## What you are asked to do
Aim for an exact copy of the listing, without any images.

## Input data
┌──

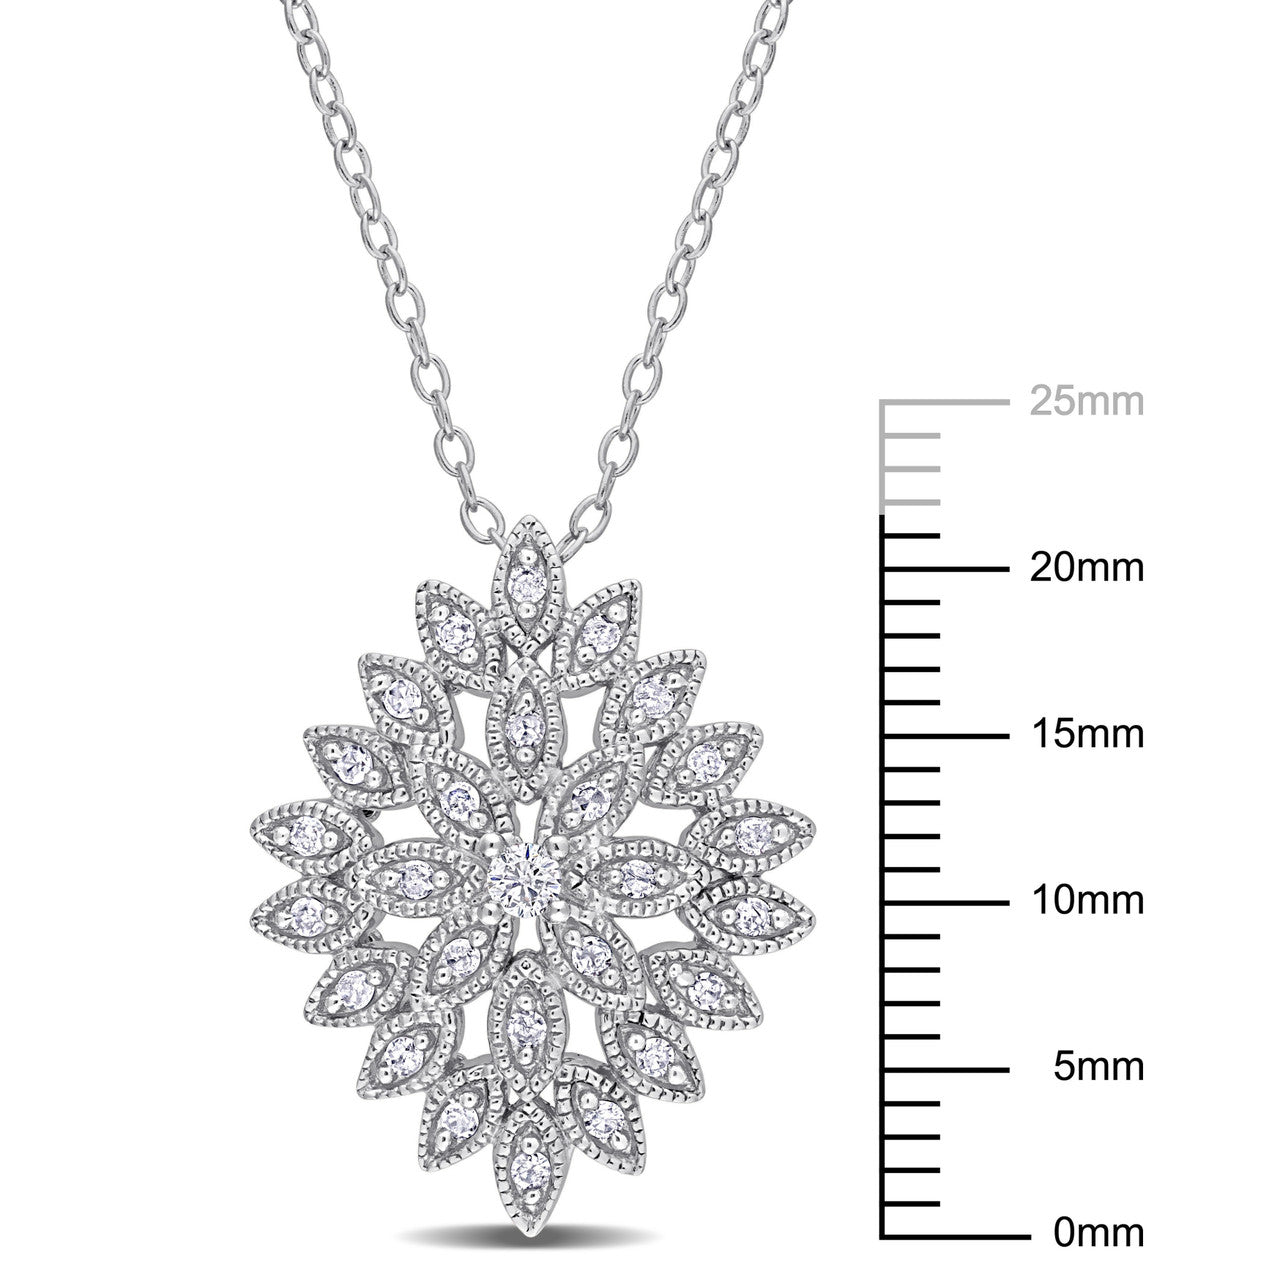 Ice Jewellery 1/4 CT Diamond Flower Pendant With Chain in Sterling Silver - 75000005723 | Ice Jewellery Australia
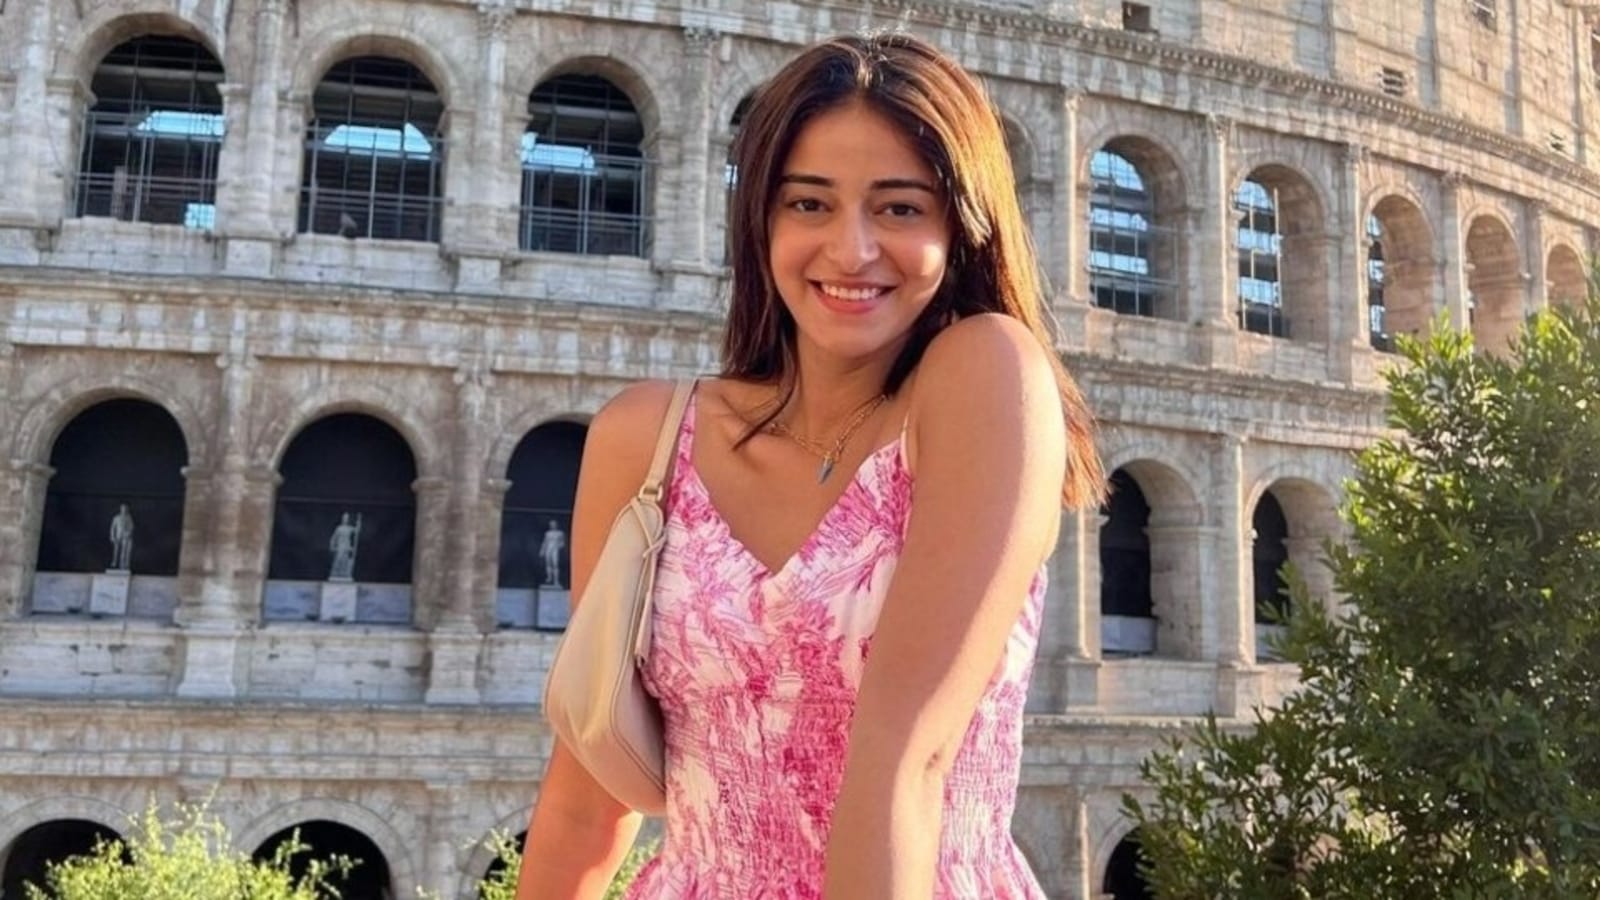 ananya-panday-s-dreams-are-made-of-cute-floral-mini-dress-to-roam-in-rome-check-out-new-pics-from-her-trip
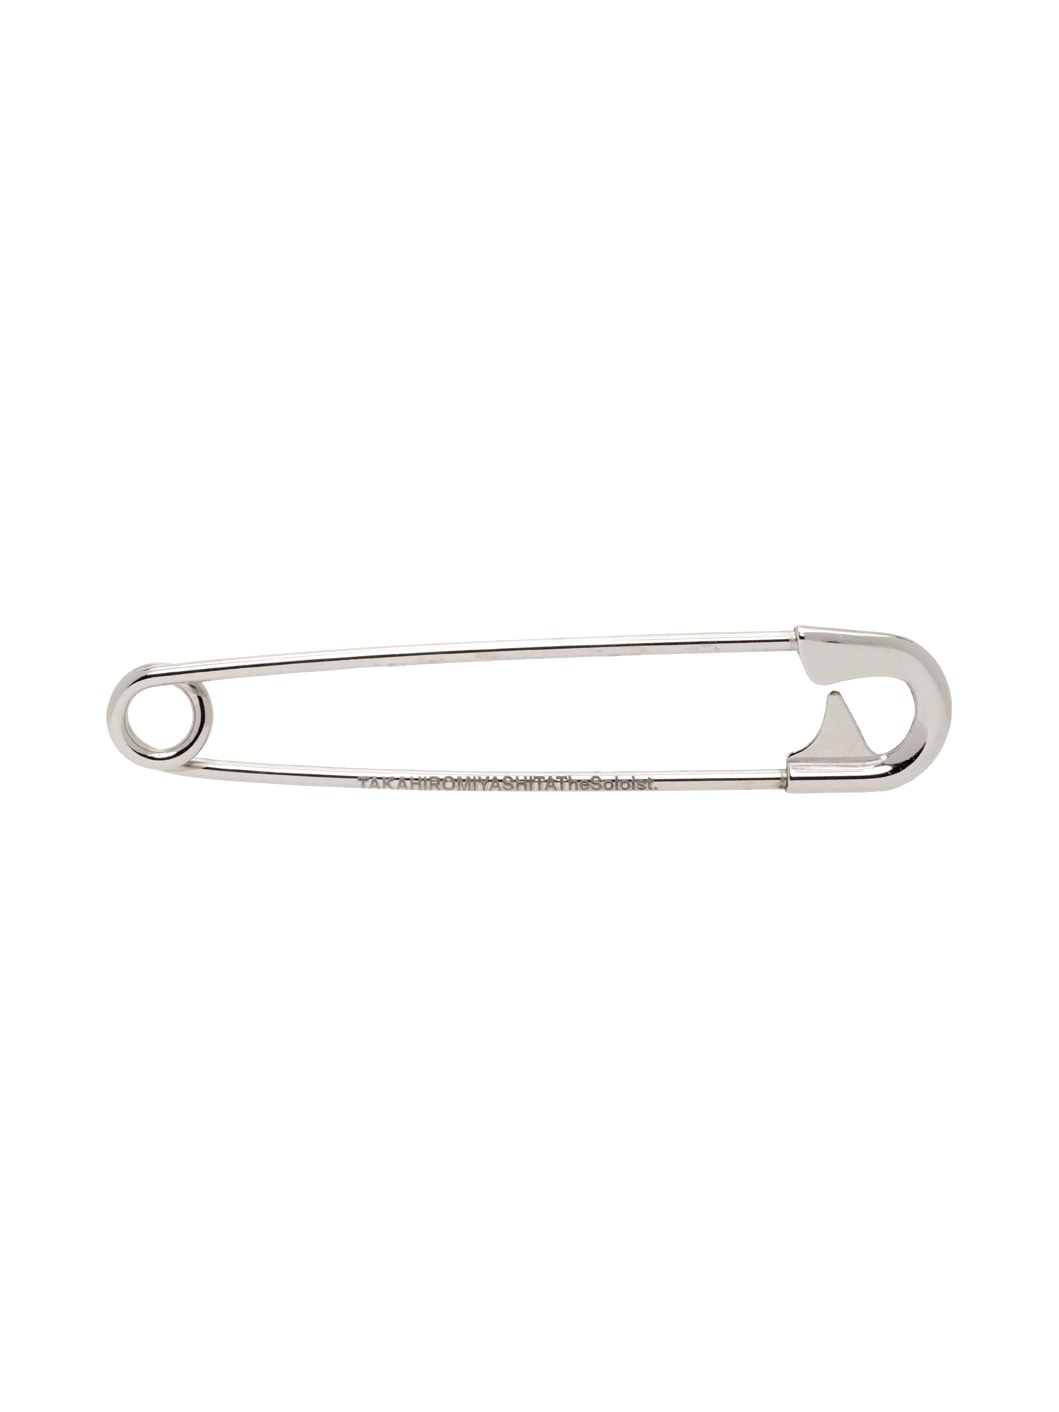 Silver Safety Pin - 1

└──

## Result
 Ice Jewellery 1/4 CT Diamond Flower Pendant With Chain in Sterling Silver - 75000005723 | Ice Jewellery Australia
 ananya-panday-s-dreams-are-made-of-cute-floral-mini-dress-to-roam-in-rome-check-out-new-pics-from-her-trip
 Silver Safety Pin - 1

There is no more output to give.